I bought a plow that has the handheld controller with the push buttons in use. They previous owner also gave me a "broken" joystick controller. I am not exactly sure what is wrong with it...the knob isn't intact but not sure about other functions. Plow hasn't been on for the season yet so haven't hooked up to test it. Is there anyone what would repair these? Snoway direct? I know they are expensive to replace and that some people prefer them, was wondering if it was worth anything to keep or try to get repaired.


----------



## hydro_37 (Sep 10, 2006)

you sure the plow is a Sno-Way?
Basher would be your best bet to answer any Sno-Way questions....he is the sno-way God around here.


----------



## joshg (Nov 12, 2009)

Yes it is a snoway.


----------



## t-sig (Feb 5, 2010)

Josh,

The internals are made up of micro switches and diodes. If you have down pressure, there is also a toggle switch. I replaced the diodes in mine and a micro switch. The diodes break down over time and the plow will start to act funny (up is left, left is right, kind of stuff). Micro switches should last forever, but, I burned up one due to a short. I was able to get all these parts at a local electronics store pretty cheap. I'm sure Snoway has them as well. I prefer the joy stick over all the other types of controllers. It is definitely the most functional, IMO. Can the previous owner offer up any more info on it?


----------



## joshg (Nov 12, 2009)

Thanks for the input. I should check with the prior owner and see if they remember the issues. I'll also just try to plug it in and see what it does. I guess there shouldn't be too much risk to the system, correct?


----------



## t-sig (Feb 5, 2010)

You can't do any harm, as long your 12 volt source is fused. Mine shorted out badly because the previous owner had it hooked out without a fuse. Not a good idea.


----------



## basher (Nov 13, 2004)

what kind of plow do you have? sounds like you have the sno-1 pump. Hook up the joystick and try it, it cannot hurt. is it wired or wireless?


----------



## joshg (Nov 12, 2009)

29/32 Series sticker on it. 

Serial sticker is 32D102... I don't have a pic with the joystick # with me..remeber there was a number on it too...can post later. Both controllers are wired.


----------



## basher (Nov 13, 2004)

OK, try carefully dis-assembling the plug on the control. make sure all the wires are still intact. People will twist the wrong section of the assembly and rip the wires loose inside. You need special connectors, and it is easiest if you have the right tools.


----------



## joshg (Nov 12, 2009)

Just a follow up on this. I was able to repair and make it fully functional. It is not a hard unit to work on if it isn't severly broken. I too a bunch of photos I can upload later if people are interested.
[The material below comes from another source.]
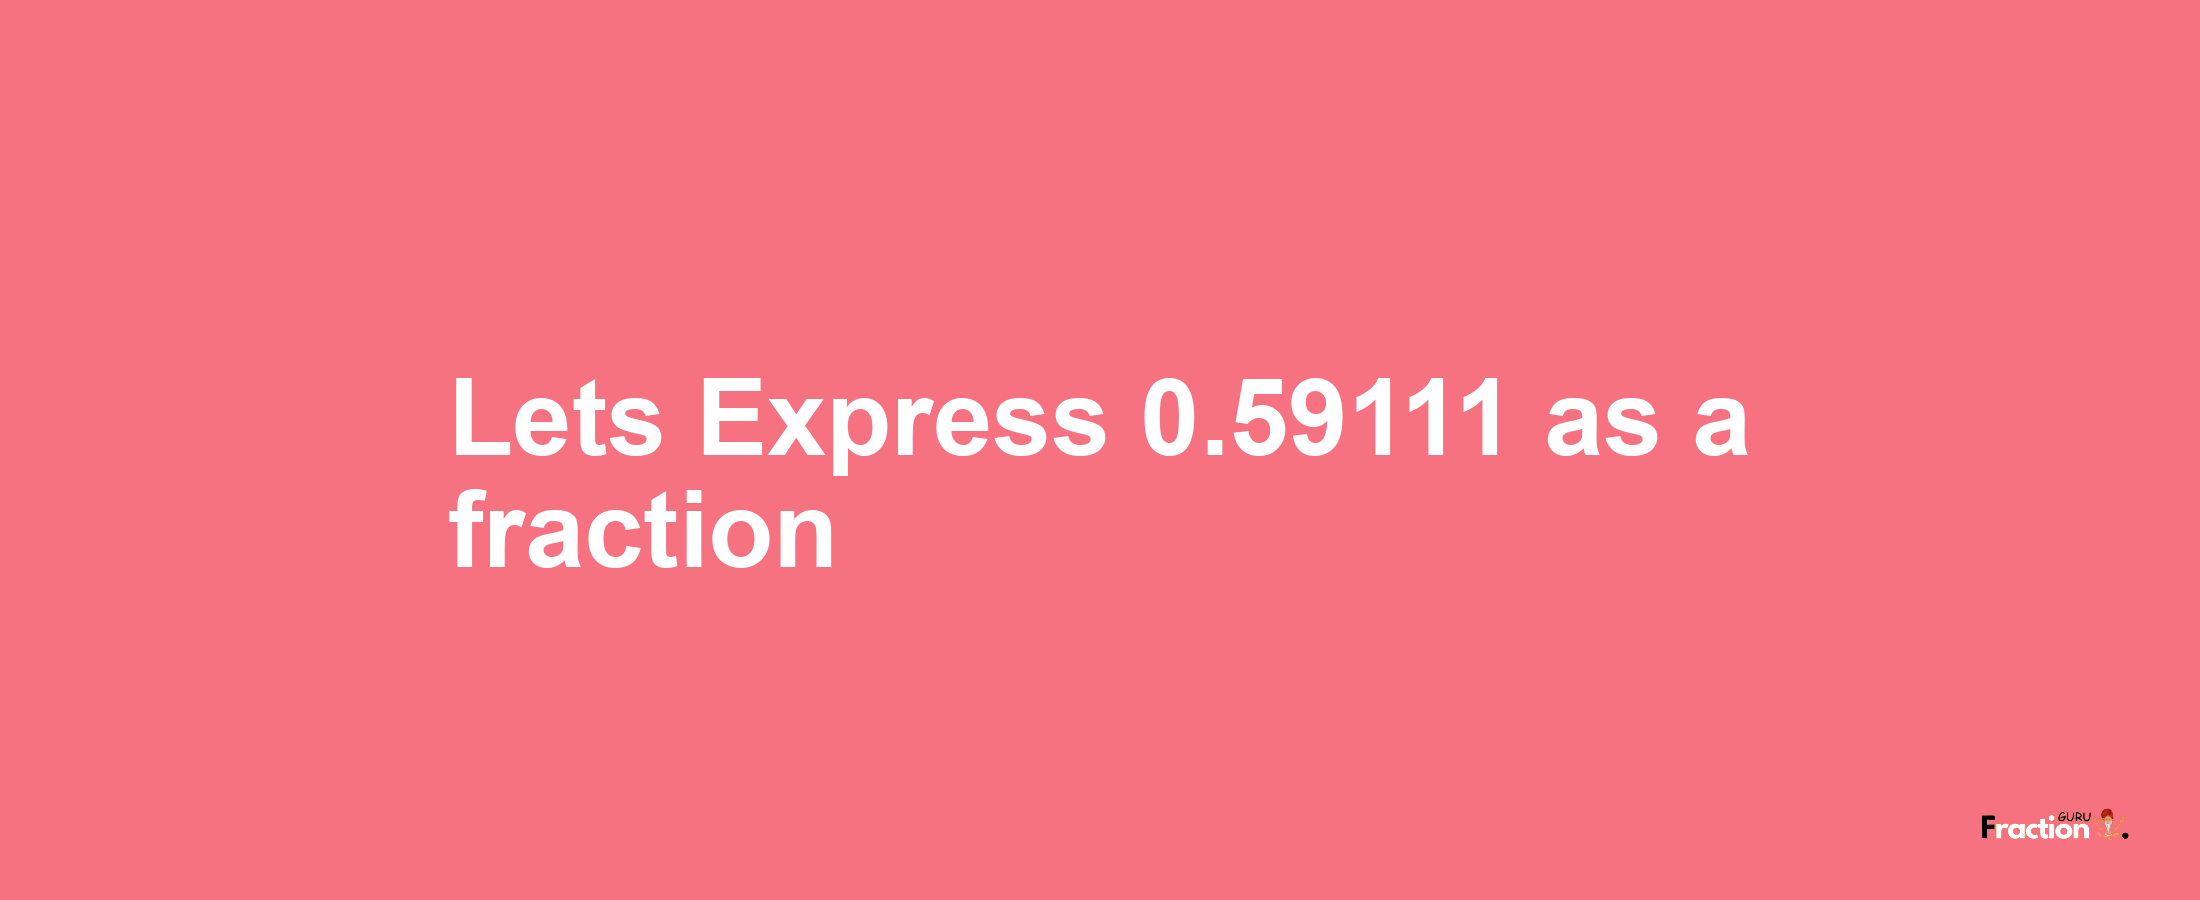 Lets Express 0.59111 as afraction

I was able to figure out that the only problem with mine was a broken joystick. Through some internet searching I figured out that Suzo Happ makes the joystick for Snoway. I was able to buy a replacement direct from them. Drop it in and of it goes.

Here is the joystick: http://www.happcontrols.com/joysticks/50275500.htm










If you ever need to replace the micro swtiches they are made by cherry. 
http://www.cherrycorp.com/english/switches/submini/e_mod.htm
http://www.cherrycorp.com/english/switches/pdf/E61_Series.pdf

I was able to carefuly disassemble the unit, remove and replace the broken joystick and then just put in the new one. Biggest caution is to be careful to avoid damaging the soldered connections. Make sure the cord strain relief is reinstalled properly and then to make sure to keep straight which swich wires control which direction. I made a mistake and had to take it apart again to since I mixed up the raise and lower.

Former owner had someone borrow truck that was tall and broke it as it was mounted to the lower left of sterring wheel. I need to find a new convenient way to mount. I'd almost just like to put on the seat on my right.


----------